Availability and implementation

MAKL is available at https://github.com/begumbektas/makl together with the scripts that replicate the reported experiments. MAKL is also available as an R package at https://cran.r-project.org/web/packages/MAKL.

Supplementary information

Supplementary data are available at Bioinformatics online.

1 Introduction

Cancer is one of the most challenging healthcare problems of our era. With increasing size of patient cohorts and genomic characterizations collected from tumour biopsies, machine learning algorithms have been applied to different tasks in the hope of discovering molecular mechanisms related to the diagnosis, prognosis and treatment of cancer. Together with good predictive performance, building interpretable machine learning algorithms plays a crucial role in cancer research to discover new therapeutic biomarkers and to analyze the heterogeneity of tumours. Kernel-based machine learning algorithms have been widely used in computational biology, thanks to their capability to deal with highly correlated data and interpretability. However, the problem with these existing algorithms is their lack of scalability, which started to cause problems especially for single-cell cancer research, since traditional kernel-based methods are computationally prohibitive with large sample sizes.

Kernel machines attract a significant amount of attention since they are able to approximate any function during the learning process when the size of the training data is large enough. Kernel machines are also capable of incorporating prior knowledge into learning process using the kernel function. However, machine learning methods that need to calculate a kernel matrix over the dataset scale poorly with increasing training sample size, since the size of the kernel matrix is quadratic in the number of training samples. One of the most widely known kernel-based machine learning method is the support vector machine algorithm (Boser et al., 1992; Cortes and Vapnik, 1995; Guyon et al., 1993).

The integration of kernel matrices into a linear model to solve a non-linear problem called the ‘kernel trick’. A kernel can be described as a measure of similarity between data points, which corresponds to a dot product in some implicit feature space (Schölkopf and Smola, 2002). The kernel trick basically enables us to map the input data to a higher dimensional feature space and then to solve the originally nonlinear problem in this high-dimensional and implicit feature space.

Instead of learning with a single kernel matrix, one may choose to learn with multiple kernel matrices calculated using different kernel functions on the same data representation, using the same kernel function on different data partitions or using same/different kernel functions on different data representations, which is known as multiple kernel learning (MKL).
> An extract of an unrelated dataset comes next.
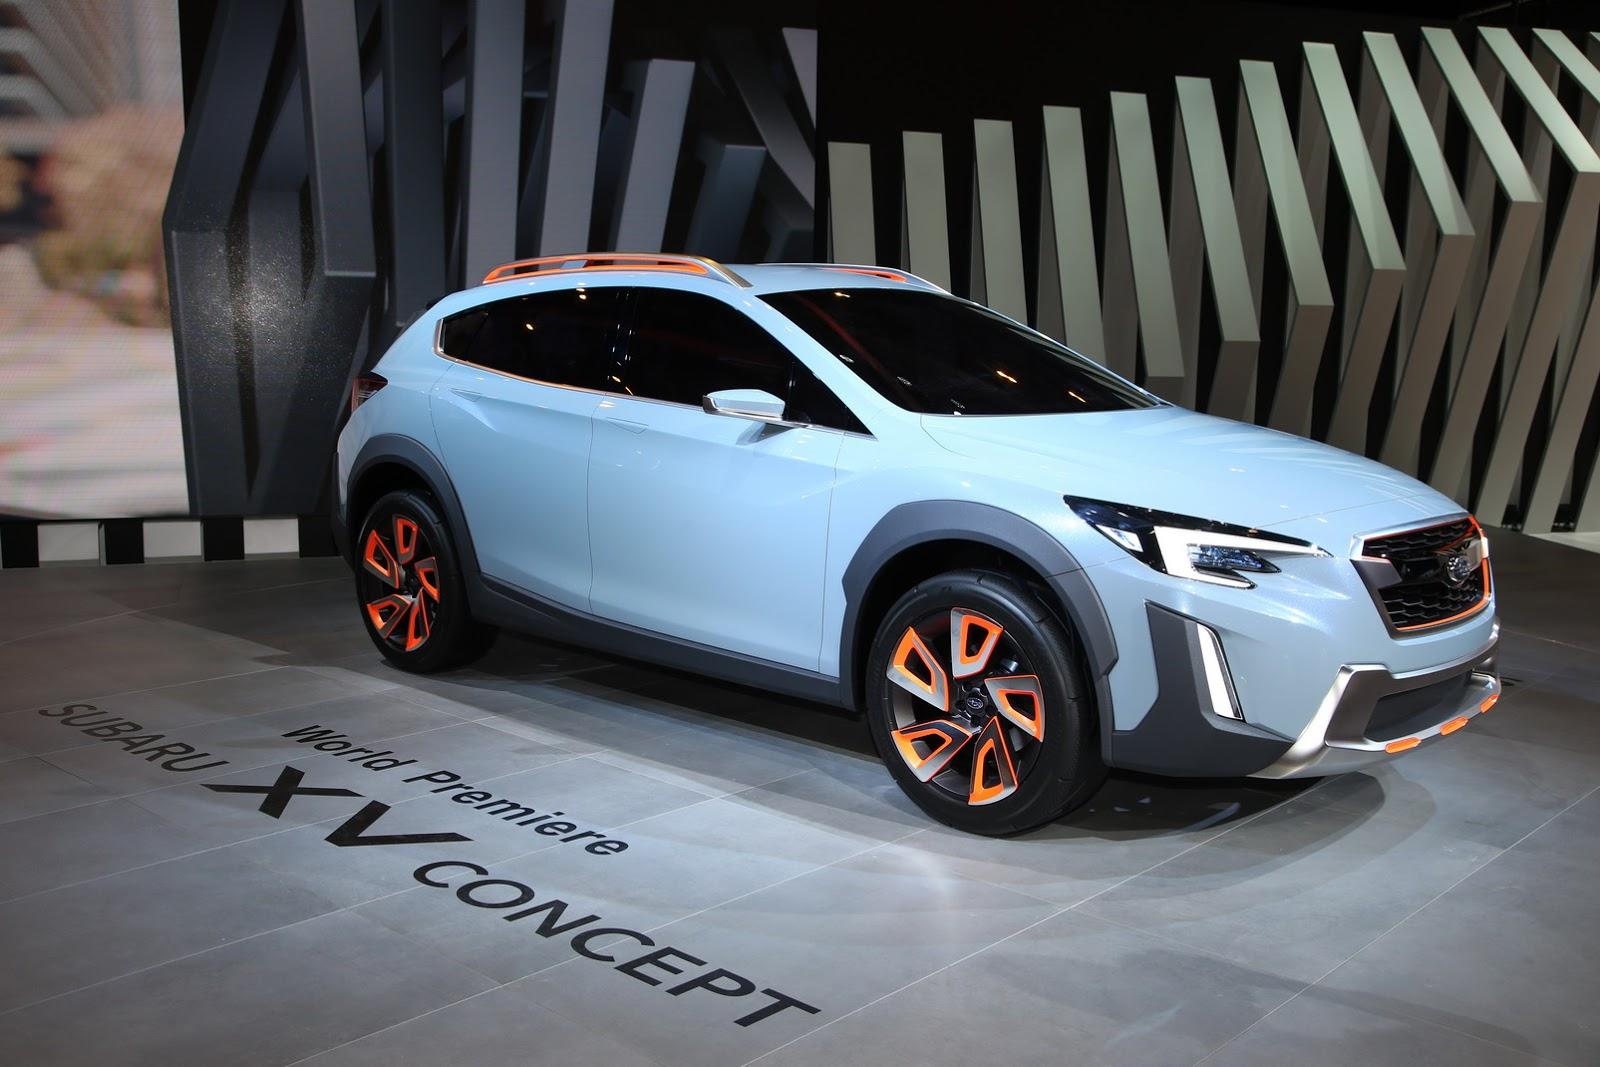 Subaru XV Concept 2016 ngầu trong thiết kế đèn led, nhưng xấu trong sự đơn điệu

Some of the existing MKL algorithms assign equal weights to the input kernels, which may not be the best way of discovering the underlying dynamics. For instance, in computational biology, to discover the underlying molecular mechanisms from genomic data, instead of initially setting the kernel weights, making the MKL algorithm choose the weights assigned to each kernel in a data-dependent manner is more convenient. Additionally, combining kernels in a non-linear or data-dependent way is stated to seem more promising than linear combination in fusing information provided by simple linear kernels, whereas linear methods are stated as being more reasonable in case of combining complex Gaussian kernels (Gönen and Alpayd, 2011).

The main contribution of this study is to extend well-known MKL idea to large-scale problems using an approximation procedure for kernel matrices. The proposed algorithm was shown to have four important characteristics: (i) running in a scalable manner on large-scale genomic data, (ii) getting sparse solutions, (iii) integrating prior information during the learning process to increase the interpretability and (iv) maintaining or even increasing the predictive performance.

2 Materials

In this study, we used three datasets formed using two data sources. First, we used data from The Cancer Genome Atlas (TCGA) project, to discover the molecular mechanisms related to early- and late-stage cancers and 2-year survival of patients. Second, we used single-cell RNA-Seq data provided by the Broad Institute Single Cell Portal to understand molecular signatures related to cell malignancy, which could be beneficial for understanding tumour plasticity and cancer progression mechanisms.

2.1 TCGA dataset

We gathered genomic data and clinical annotation files of over 10 000 cancer patients from 33 cancer cohorts in the Genomics Data Commons (GDC) data portal offered by TCGA consortium at https://portal.gdc.cancer.gov. TCGA shared the RNA-Seq measurements of the tumours from 33 cohorts and pre-processed them with a unified pipeline. We downloaded HTSeq-FPKM profiles of all primary tumours from the most recent data freeze (i.e. Data Release 31—October 29, 2021) and finally got 9911 files in total. To obtain tumour grade levels and survival-related information, we used clinical annotation files of the patients.

For binary classification task of cancer stages, we considered patients clinically annotated as Stage I as having early-stage cancer; patients clinically annotated with Stages II, III or IV as having late-stage cancer. We included cohorts having at least 20 tumours from both categories. We combined data coming from all cohorts to form one big dataset of 19 814 features. As a result, the final dataset contains 5547 patients coming from 15 distinct cohorts.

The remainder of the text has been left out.